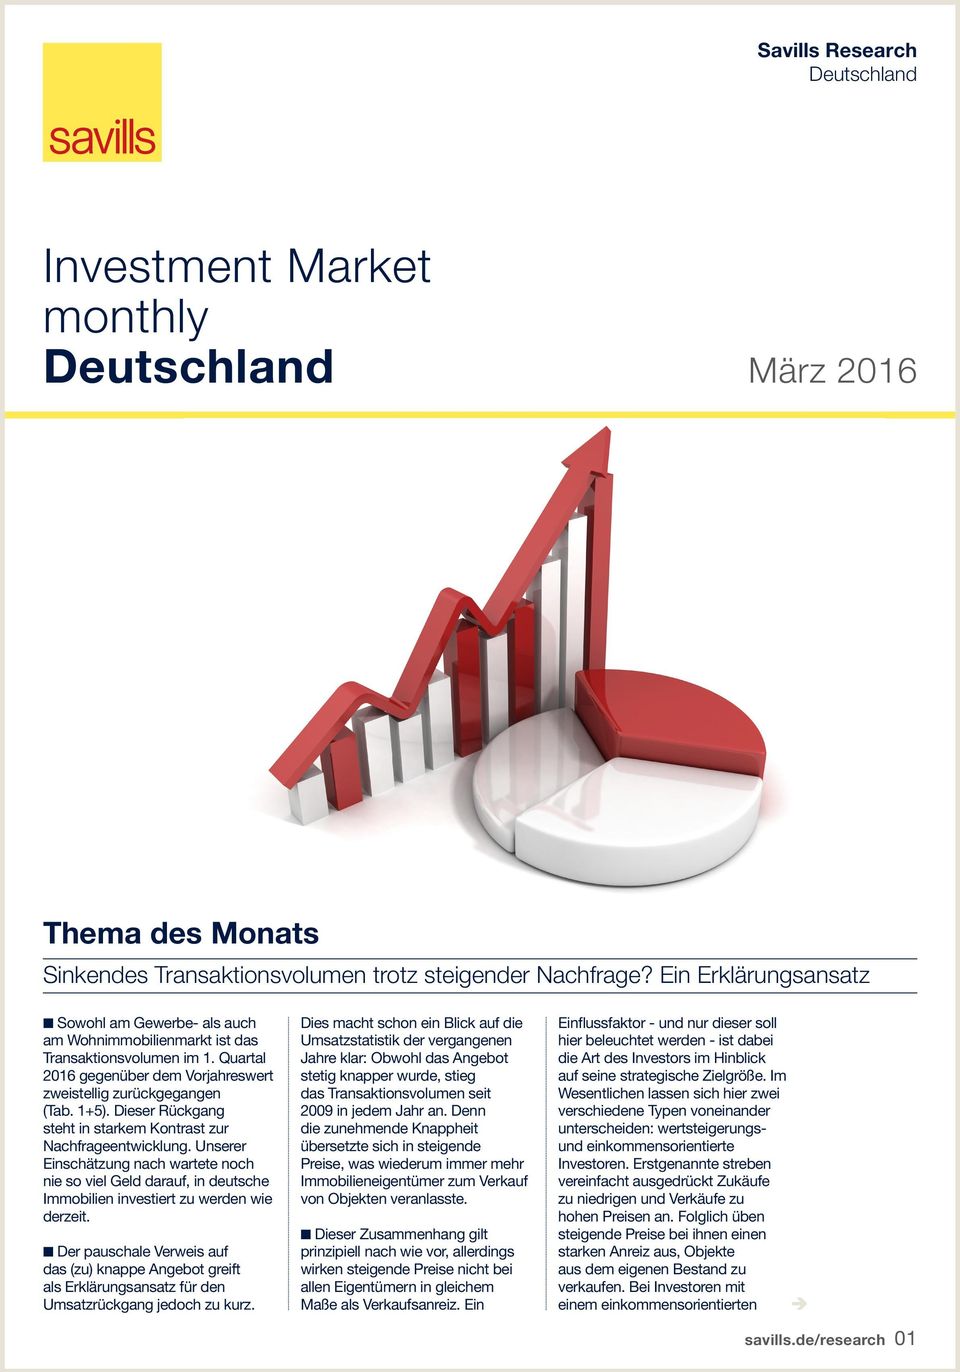 Dieser Rückgang steht in starkem Kontrast zur Nachfrageentwicklung. Unserer Einschätzung nach wartete noch nie so viel Geld darauf, in deutsche Immobilien investiert zu werden wie derzeit.
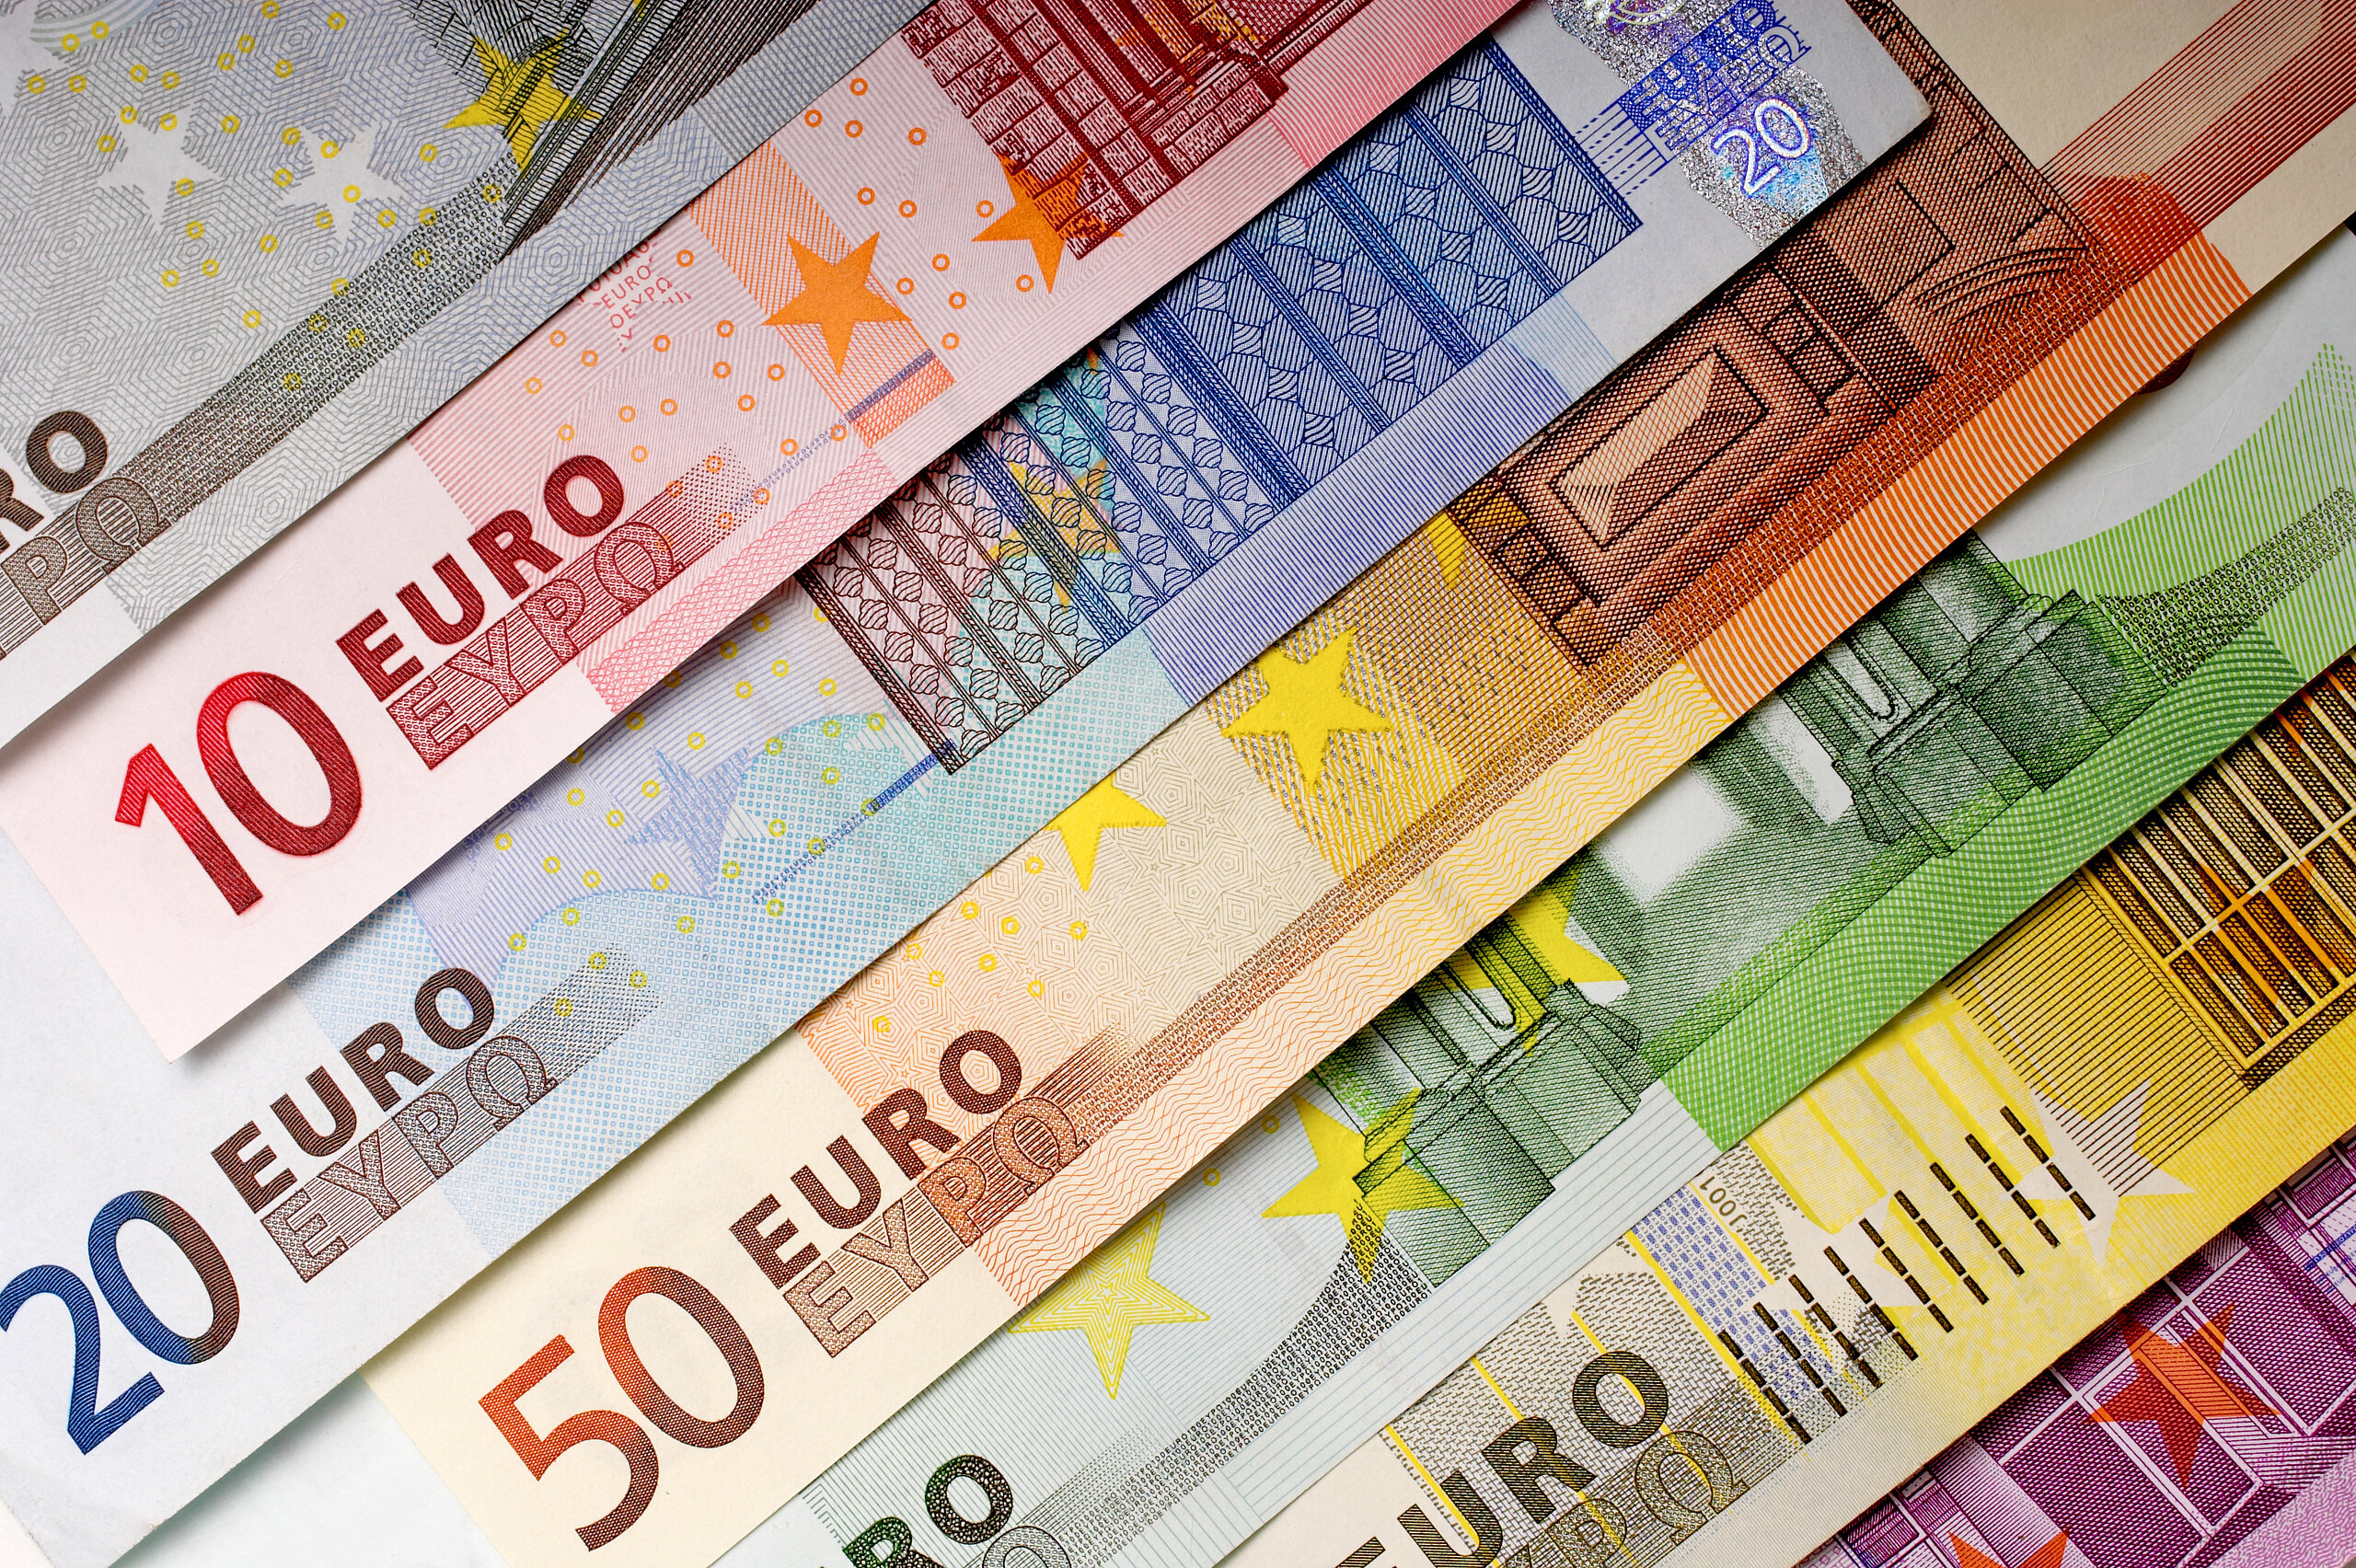 Close-up of Euro banknotes
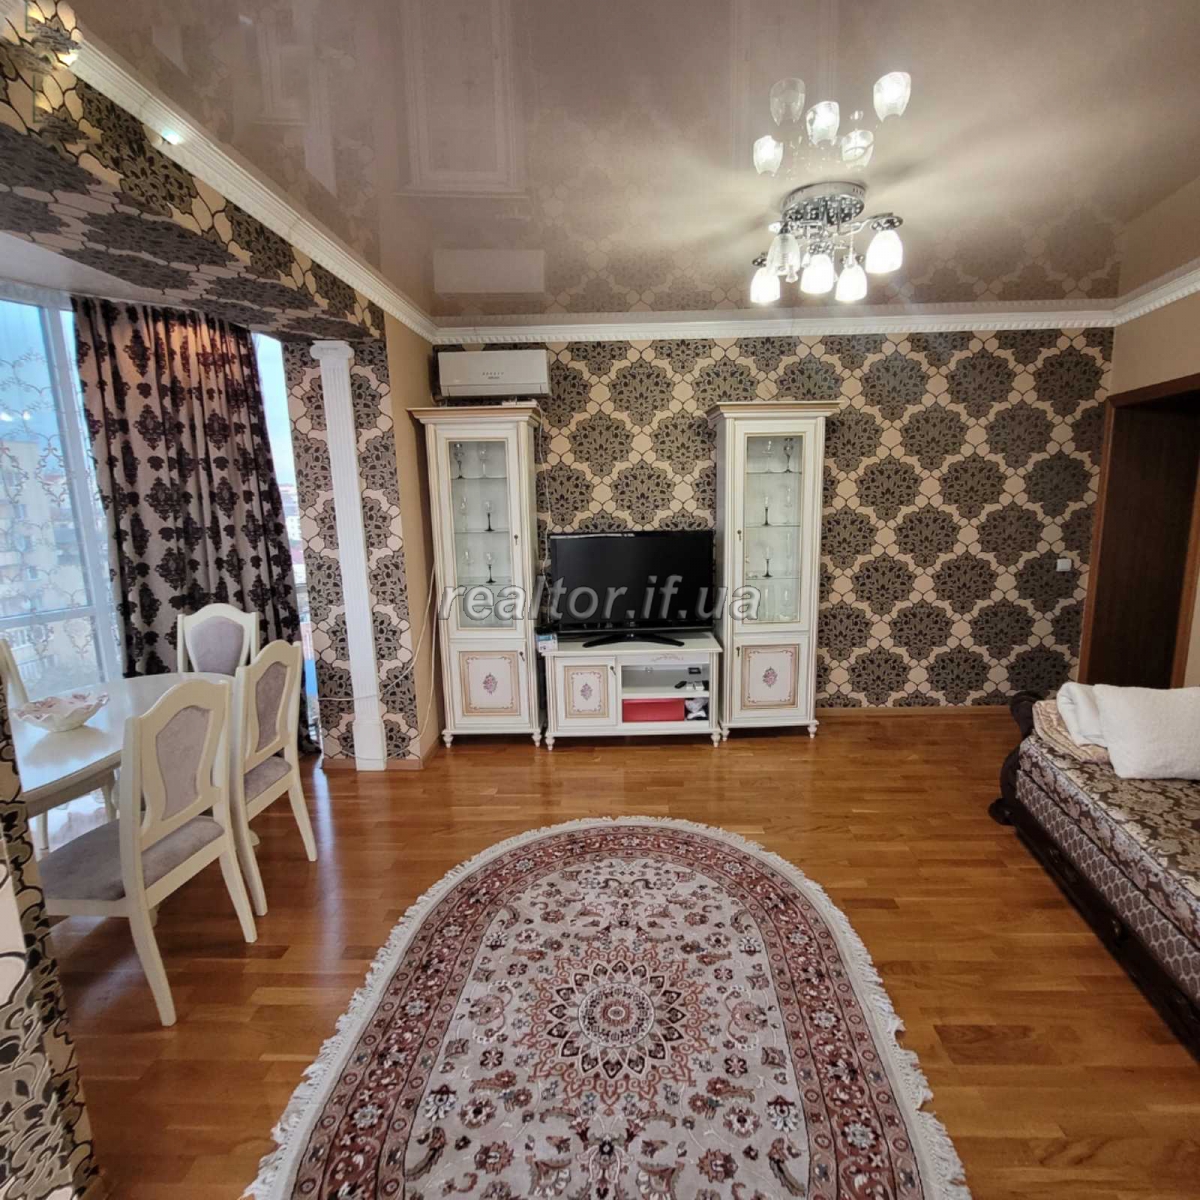 Продается 2 комнатная квартира по улице Тычины.

> _Exercise description_: Copy the listing exactly. Leave the pictures out.

> _Output of the exercise_:
 Dieser Rückgang steht in starkem Kontrast zur Nachfrageentwicklung. Unserer Einschätzung nach wartete noch nie so viel Geld darauf, in deutsche Immobilien investiert zu werden wie derzeit.
 Close-up of Euro banknotes
 Продается 2 комнатная квартира по улице Тычины.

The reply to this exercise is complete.